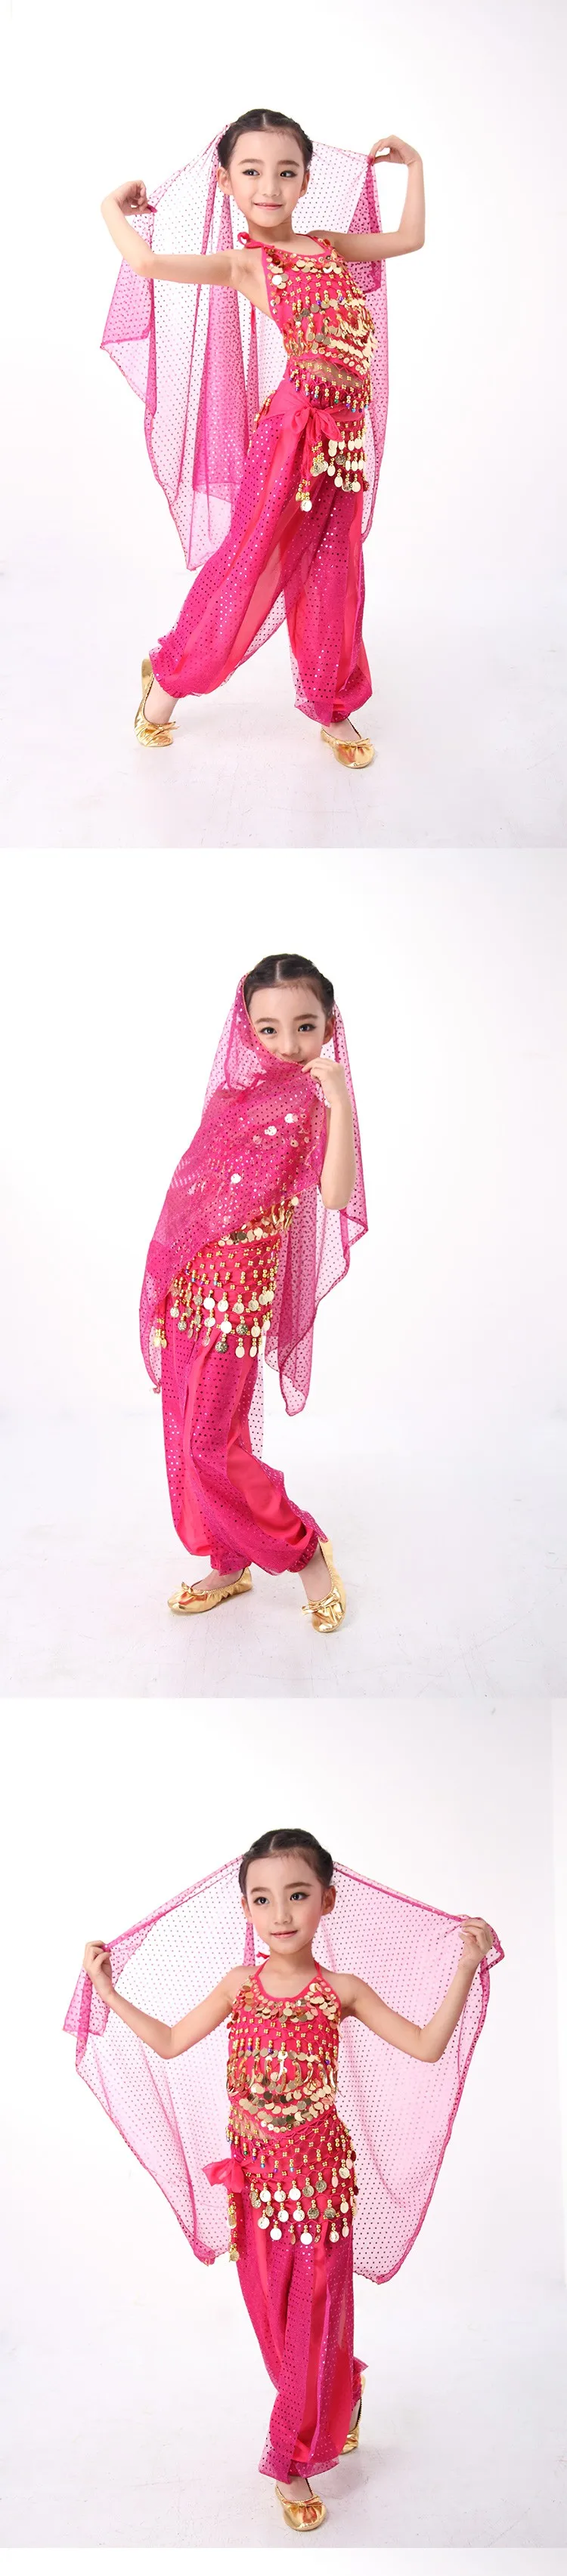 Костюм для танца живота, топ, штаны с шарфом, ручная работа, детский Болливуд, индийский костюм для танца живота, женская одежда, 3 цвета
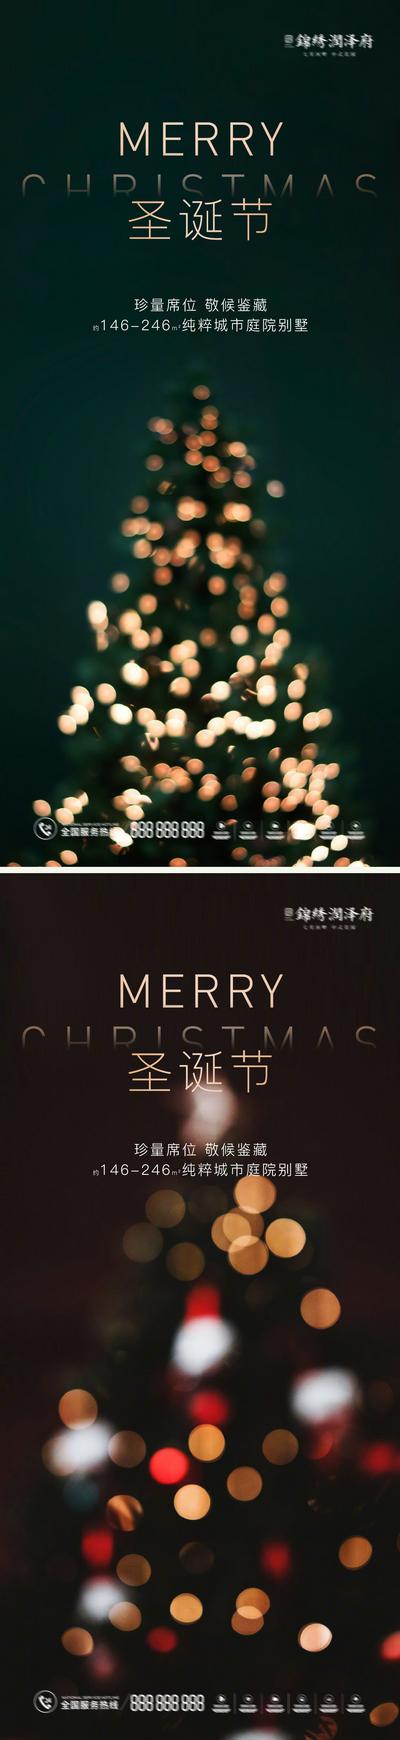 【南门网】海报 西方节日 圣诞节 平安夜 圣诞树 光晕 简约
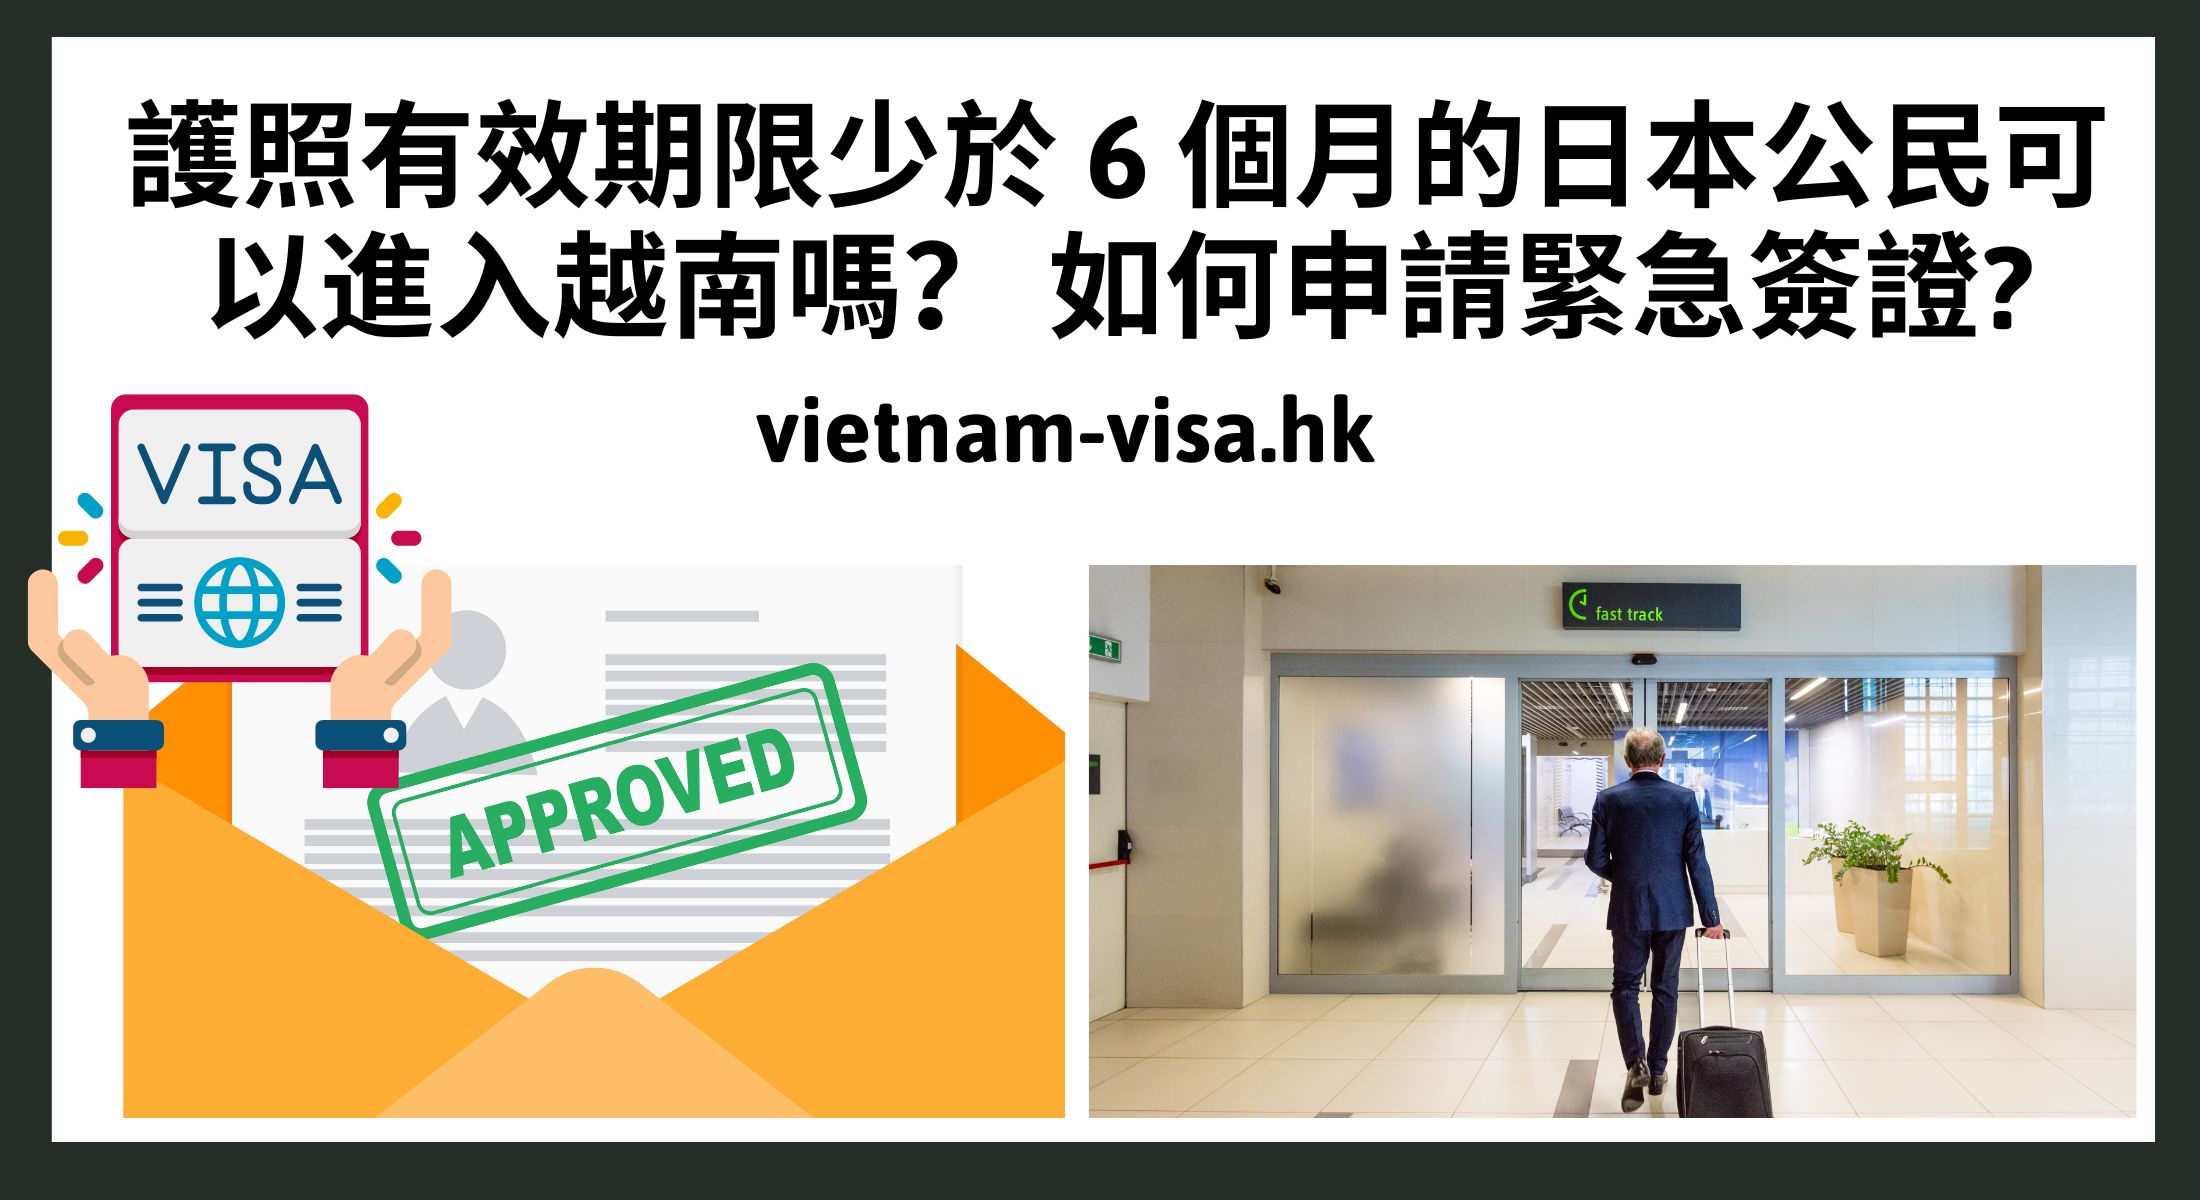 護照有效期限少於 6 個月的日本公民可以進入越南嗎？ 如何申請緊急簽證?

Work instructions: Retype each line above exactly and leave out any picture.

Result of this task:
 Костюм для танца живота, топ, штаны с шарфом, ручная работа, детский Болливуд, индийский костюм для танца живота, женская одежда, 3 цвета
 【南门网】海报 西方节日 圣诞节 平安夜 圣诞树 光晕 简约
 護照有效期限少於 6 個月的日本公民可以進入越南嗎？ 如何申請緊急簽證?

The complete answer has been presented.